> _Instructions for the task_
Word for word, set down the lines from the one that holds "Brick lane The" through the final line of the listing below, and exclude every picture.
══ Stored data
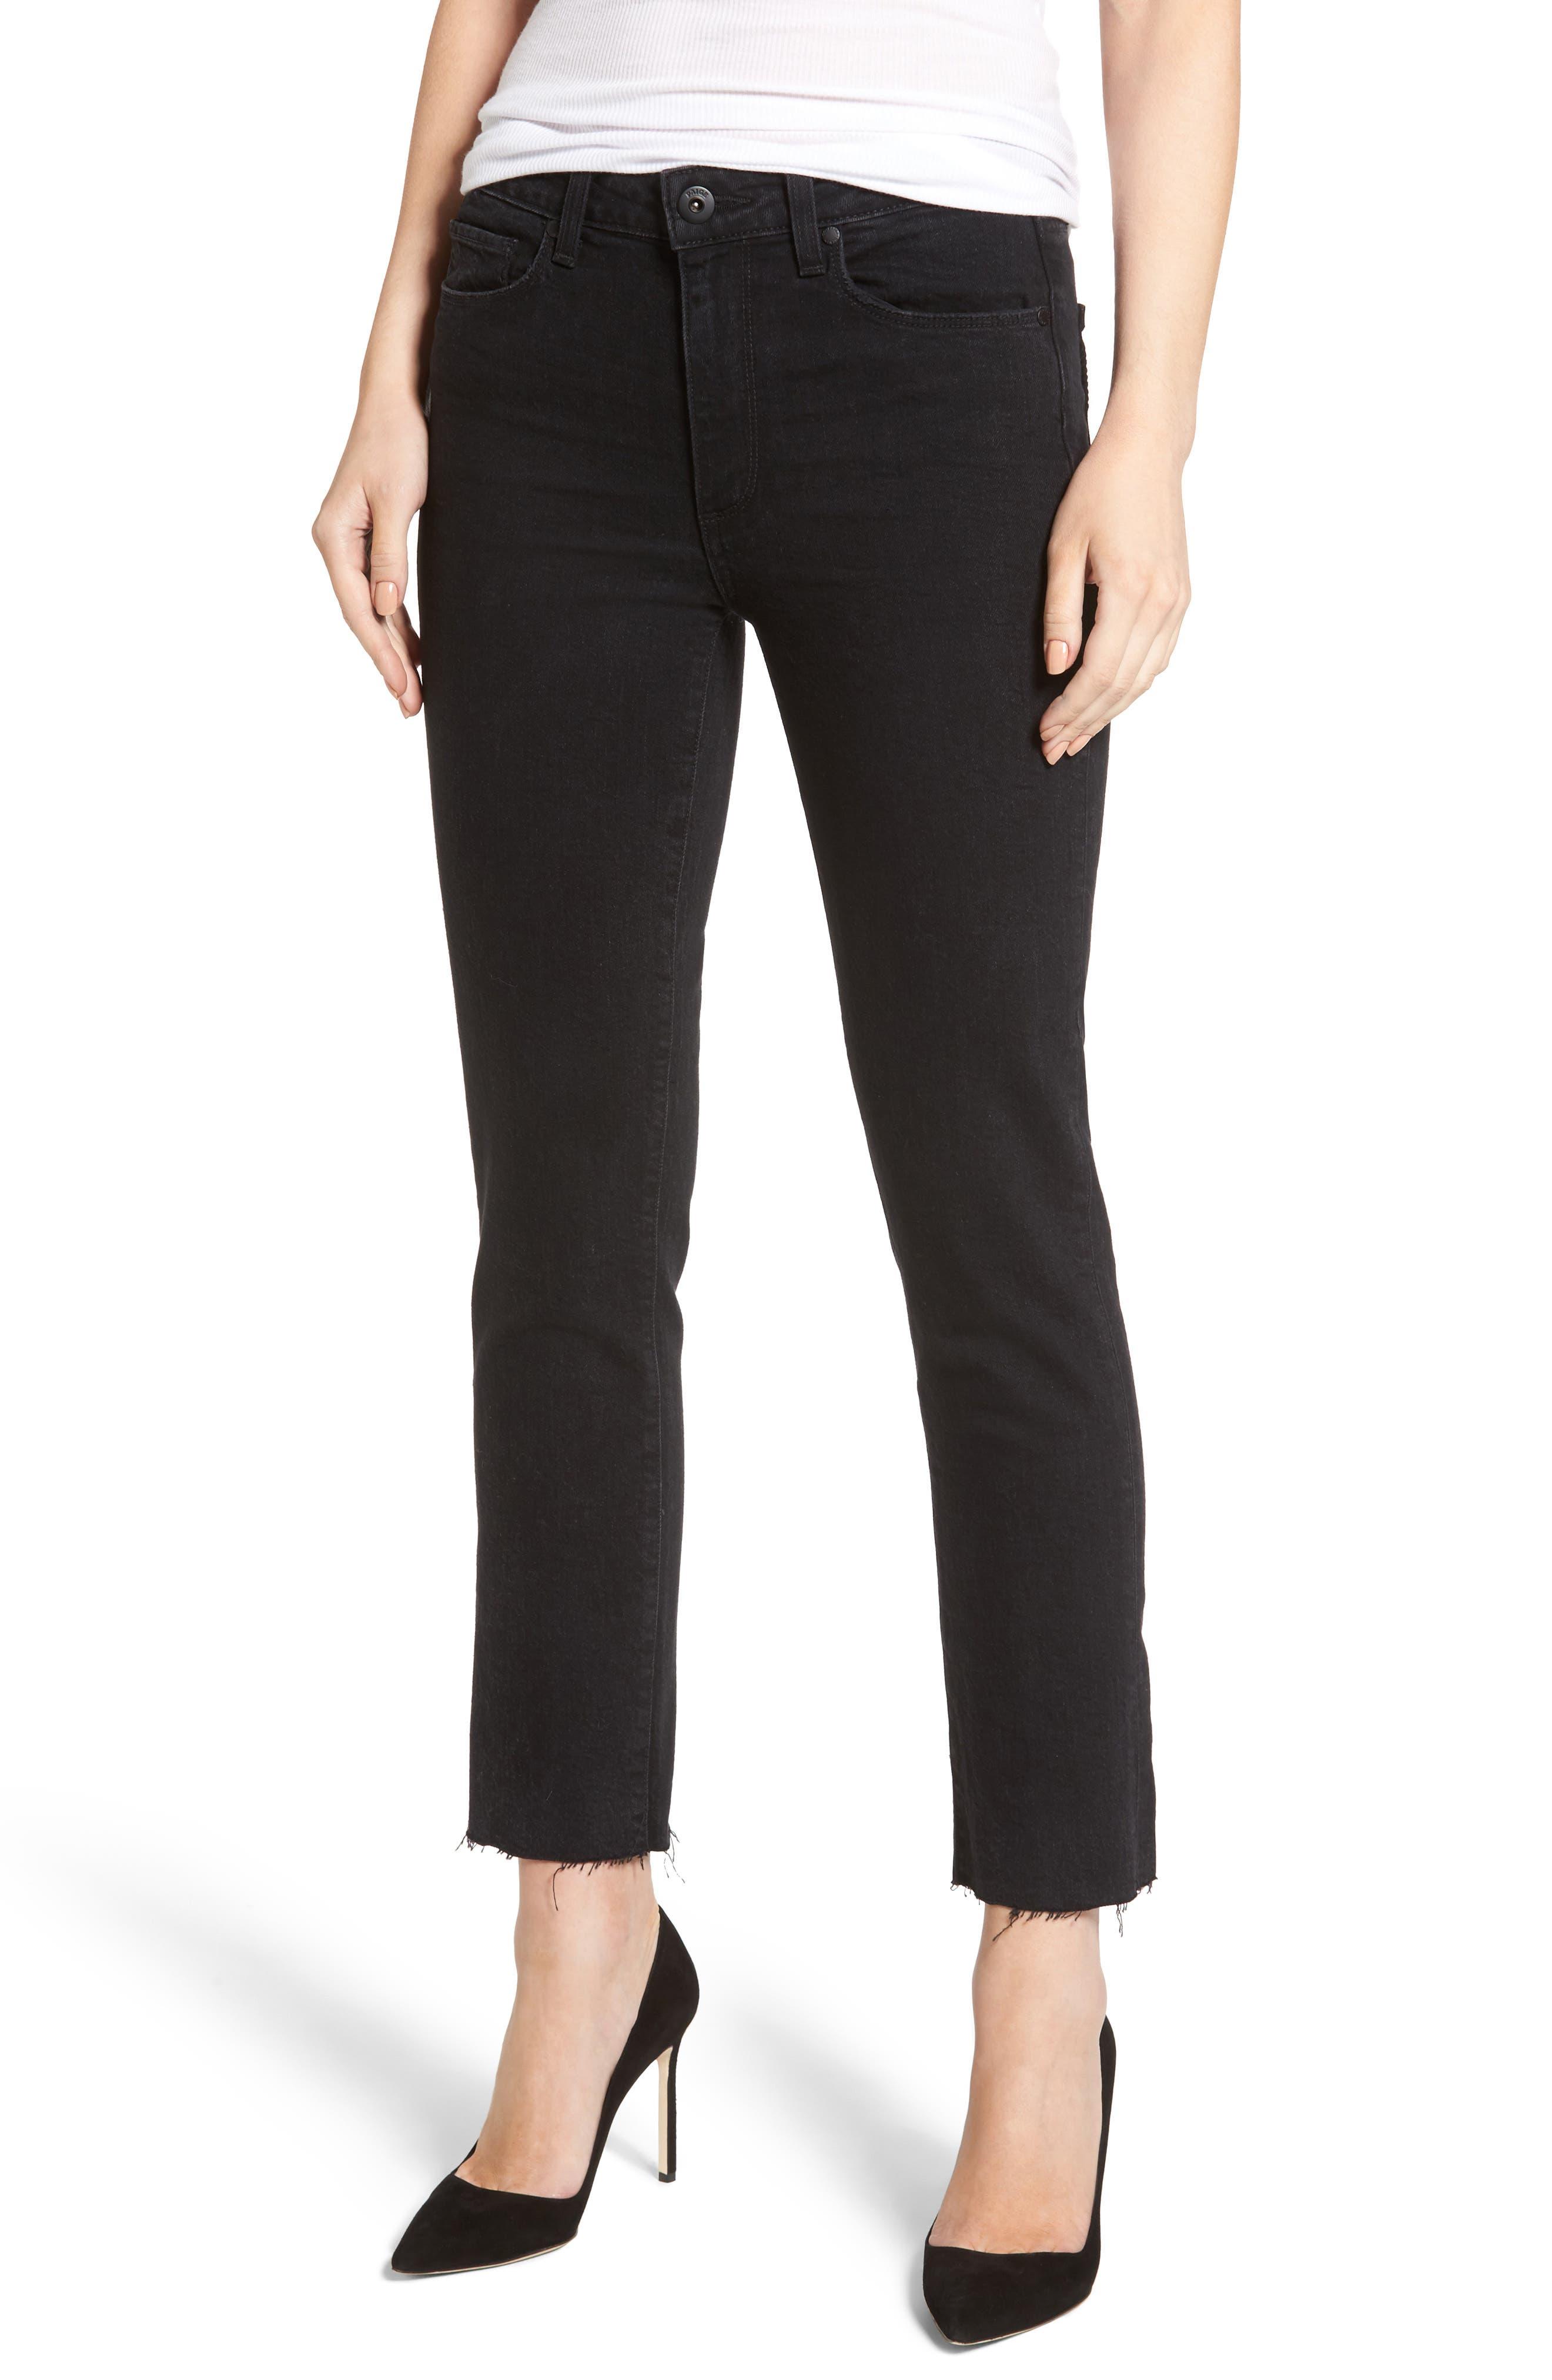 Alternate Image 1 Selected - PAIGE Jacqueline High Waist Crop Straight Leg Jeans (Riot)
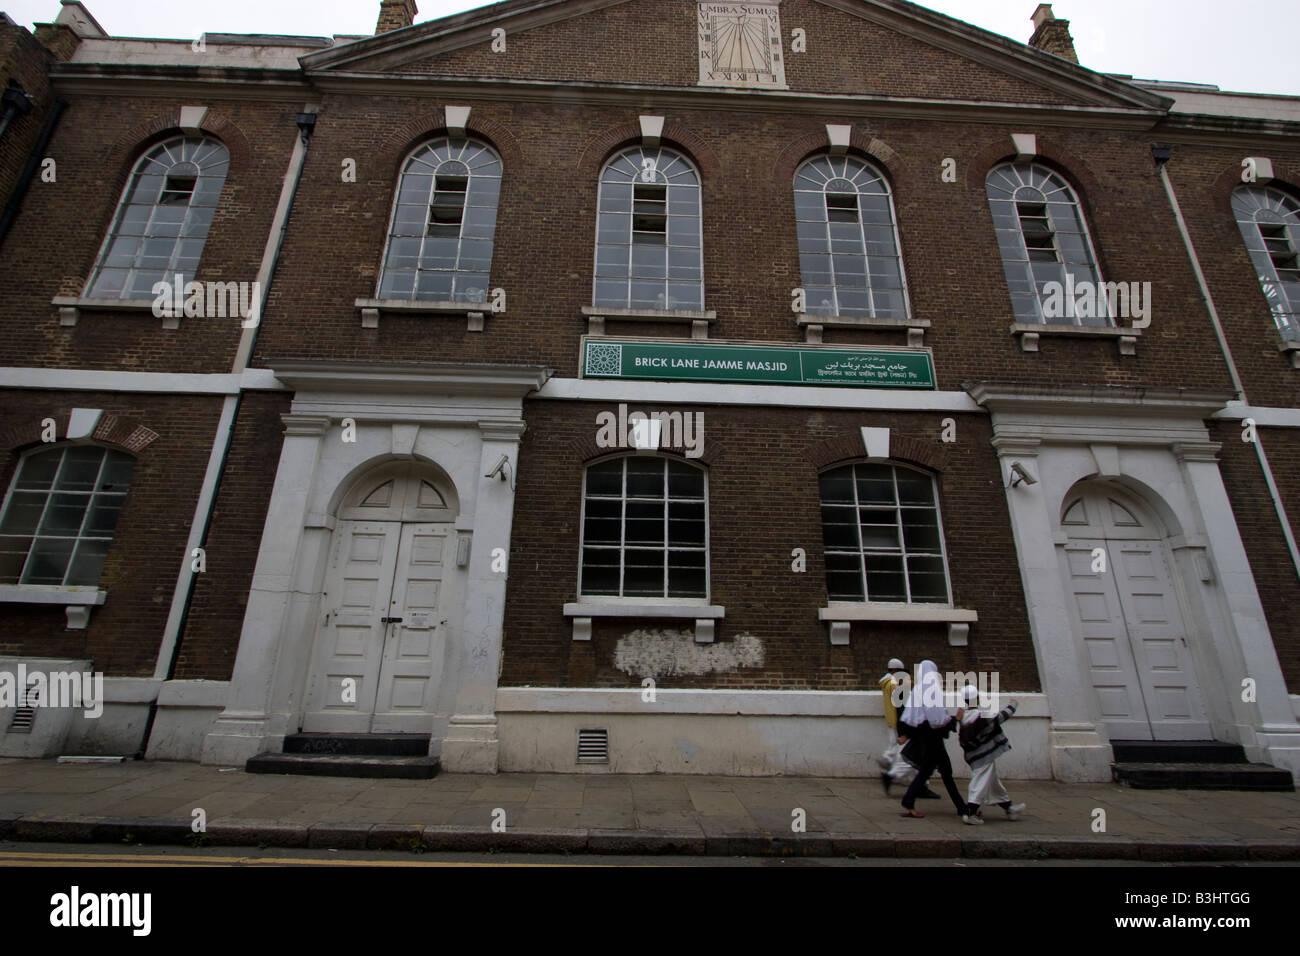 Brick lane The Brick Lane Jamme Mosjid The London Jamme Masjid located in the Spitalfields - Stock Image
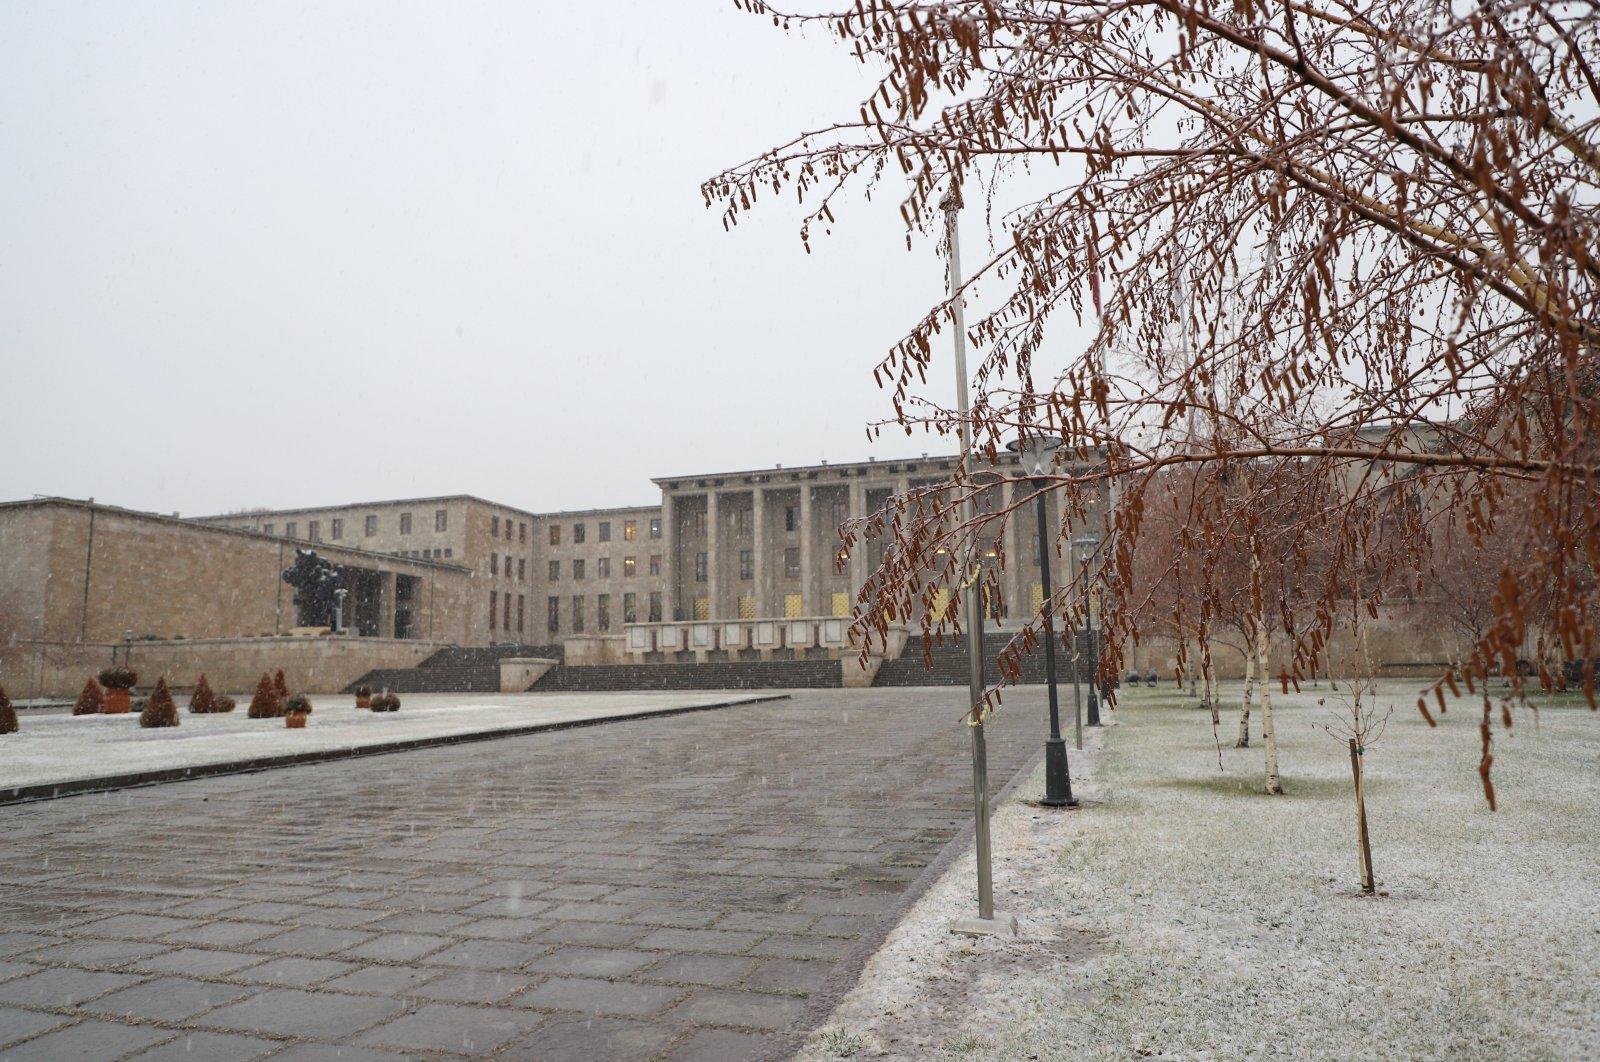 The Turkish Grand National Assembly (TBMM) is seen as snow falls in the capital Ankara, Turkey, Jan. 13, 2021. (AA Photo)
════
> _Response to the task_
 Brick lane The Brick Lane Jamme Mosjid The London Jamme Masjid located in the Spitalfields - Stock Image
 The Turkish Grand National Assembly (TBMM) is seen as snow falls in the capital Ankara, Turkey, Jan. 13, 2021. (AA Photo)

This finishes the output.